Repeat the listing below verbatim, without its images.
*** Opening Collected material ***
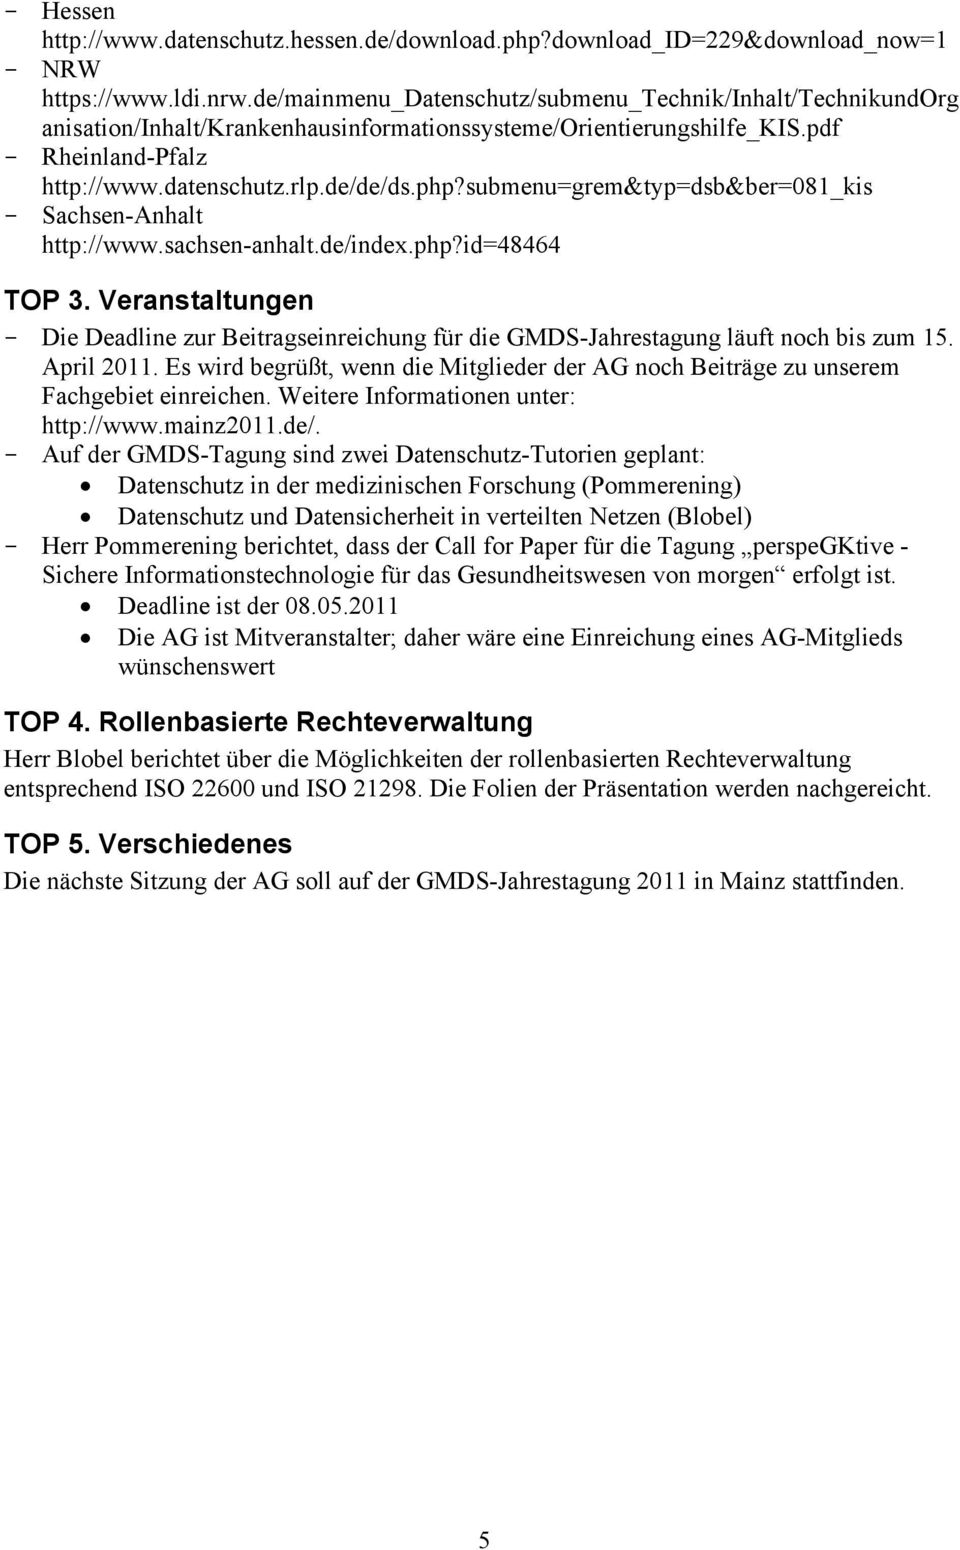 submenu=grem&typ=dsb&ber=081_kis - Sachsen-Anhalt http://www.sachsen-anhalt.de/index.php?id=48464 TOP 3.
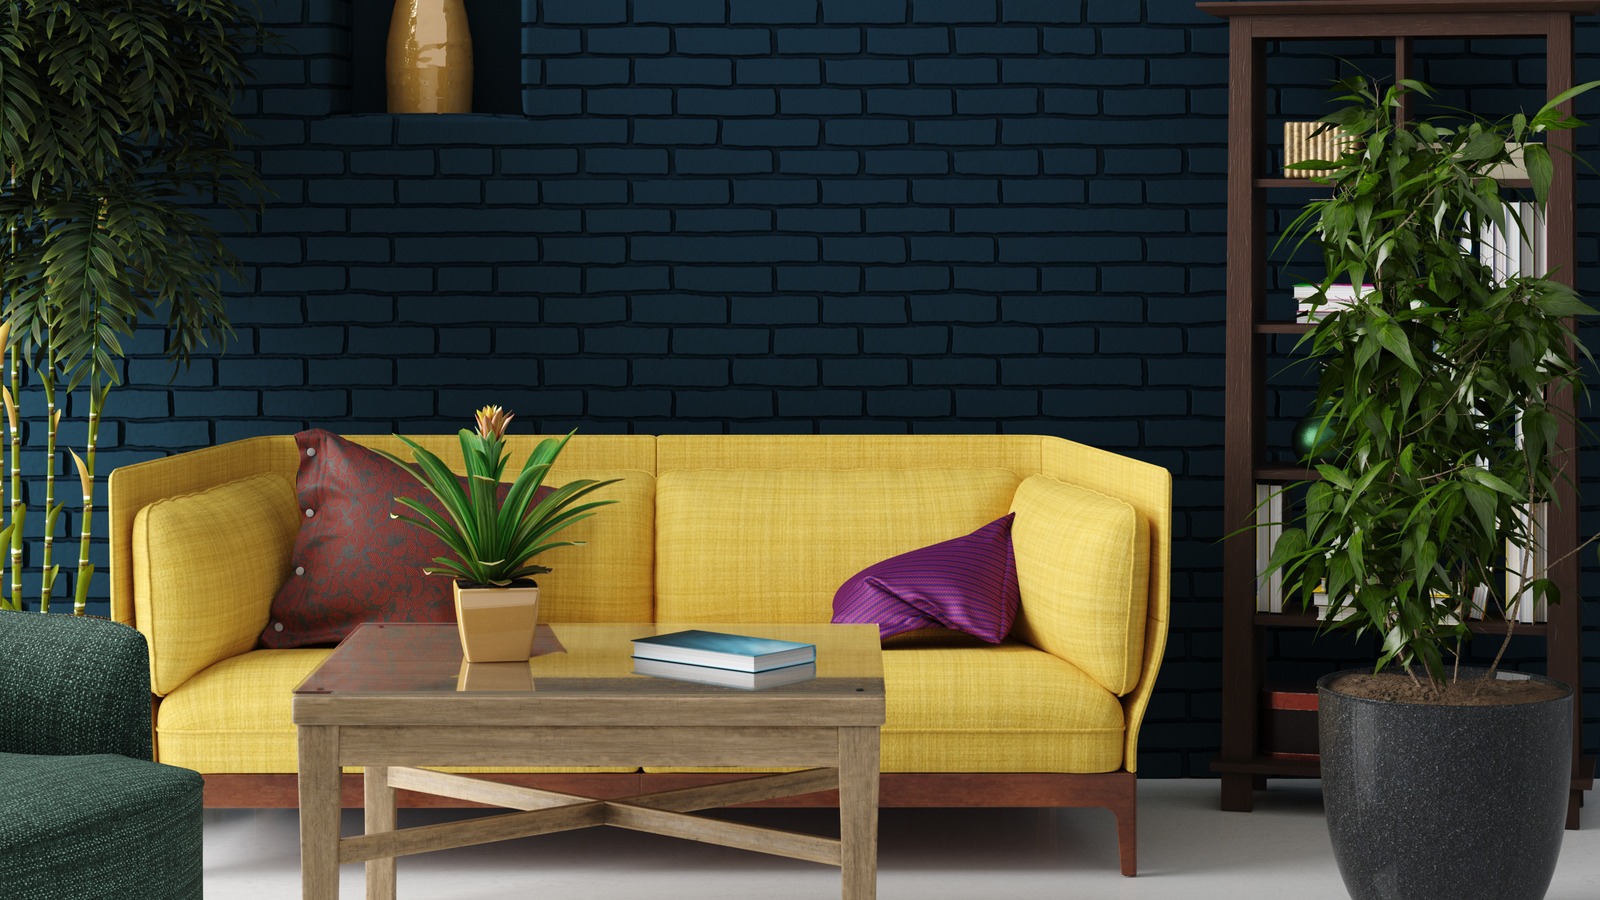 Living room décor ideas to inspire you
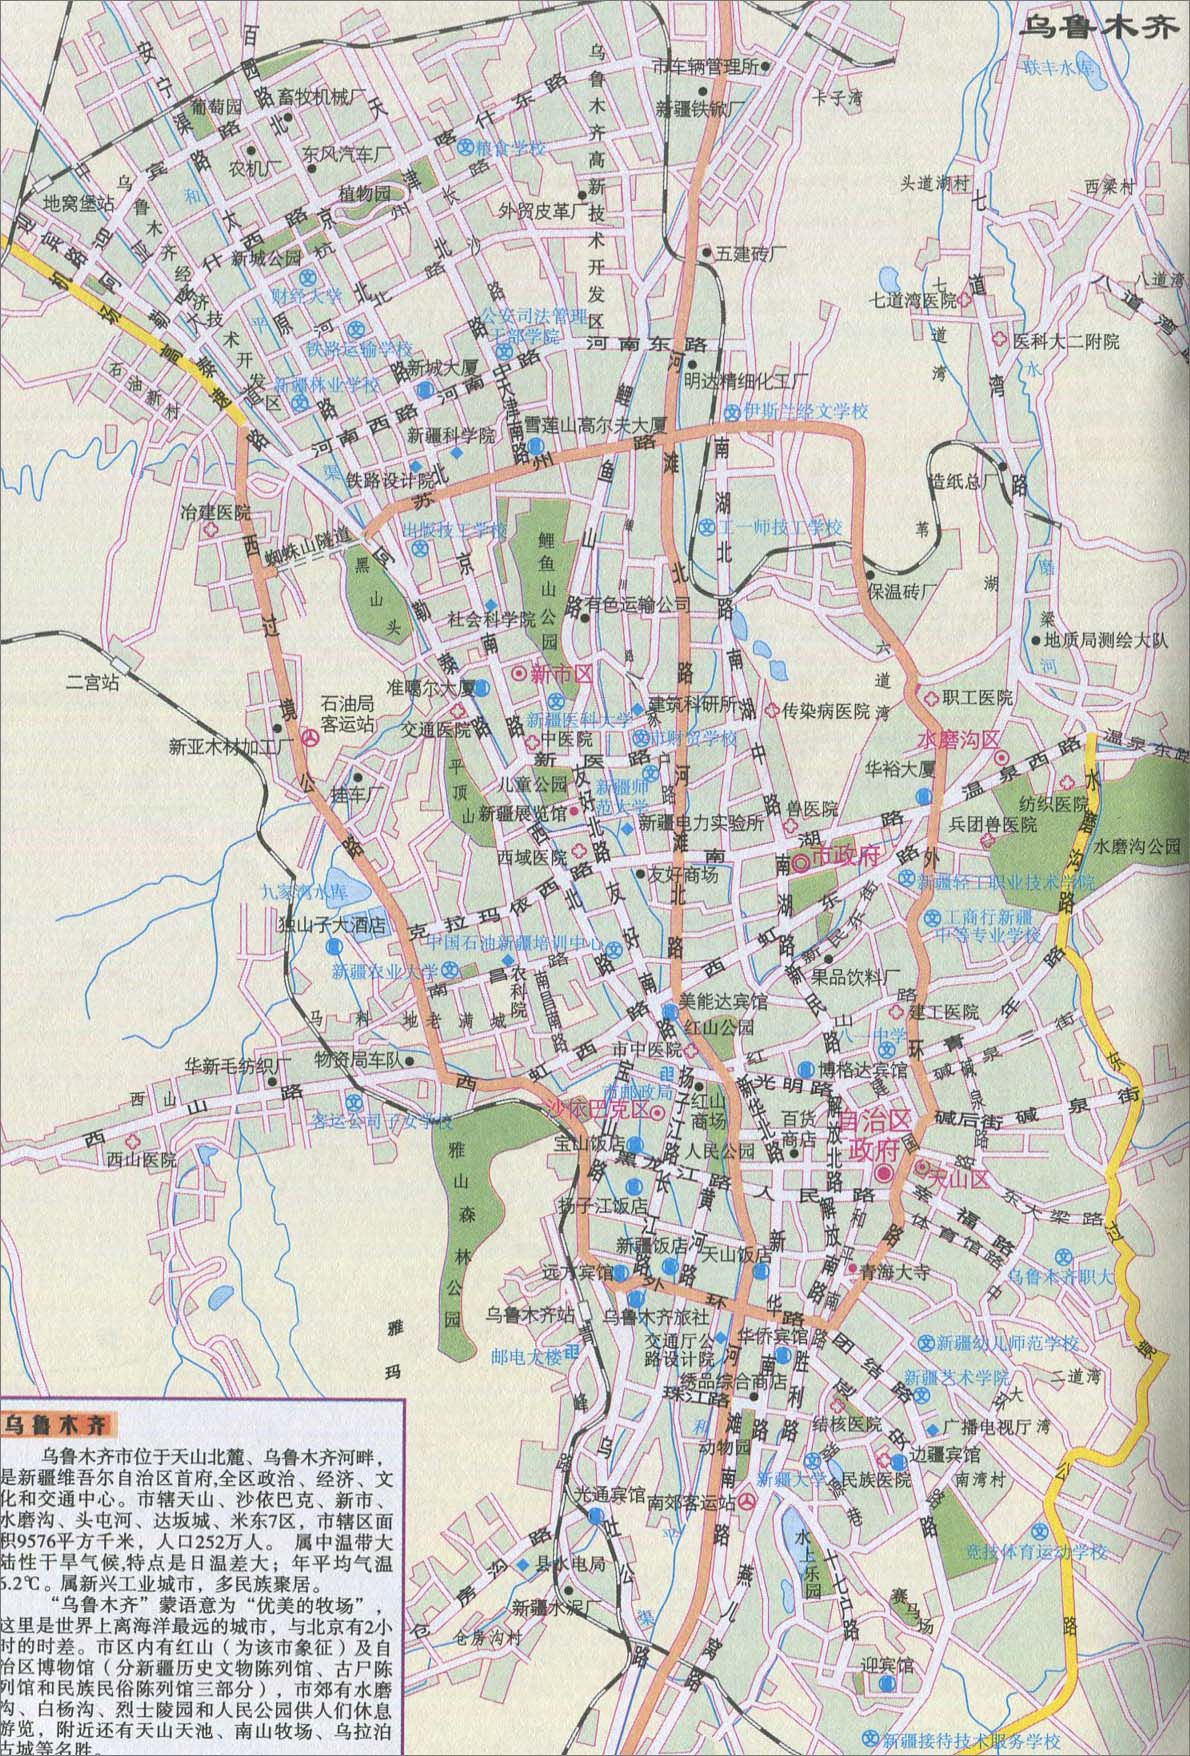 地图库 旅游地图 新疆旅游 >> 乌鲁木齐城区旅游地图  分类: 新疆旅游
*** Closing Collected material ***
Solved problem =>
 submenu=grem&typ=dsb&ber=081_kis - Sachsen-Anhalt http://www.sachsen-anhalt.de/index.php?id=48464 TOP 3.
 Living room décor ideas to inspire you
 地图库 旅游地图 新疆旅游 >> 乌鲁木齐城区旅游地图  分类: 新疆旅游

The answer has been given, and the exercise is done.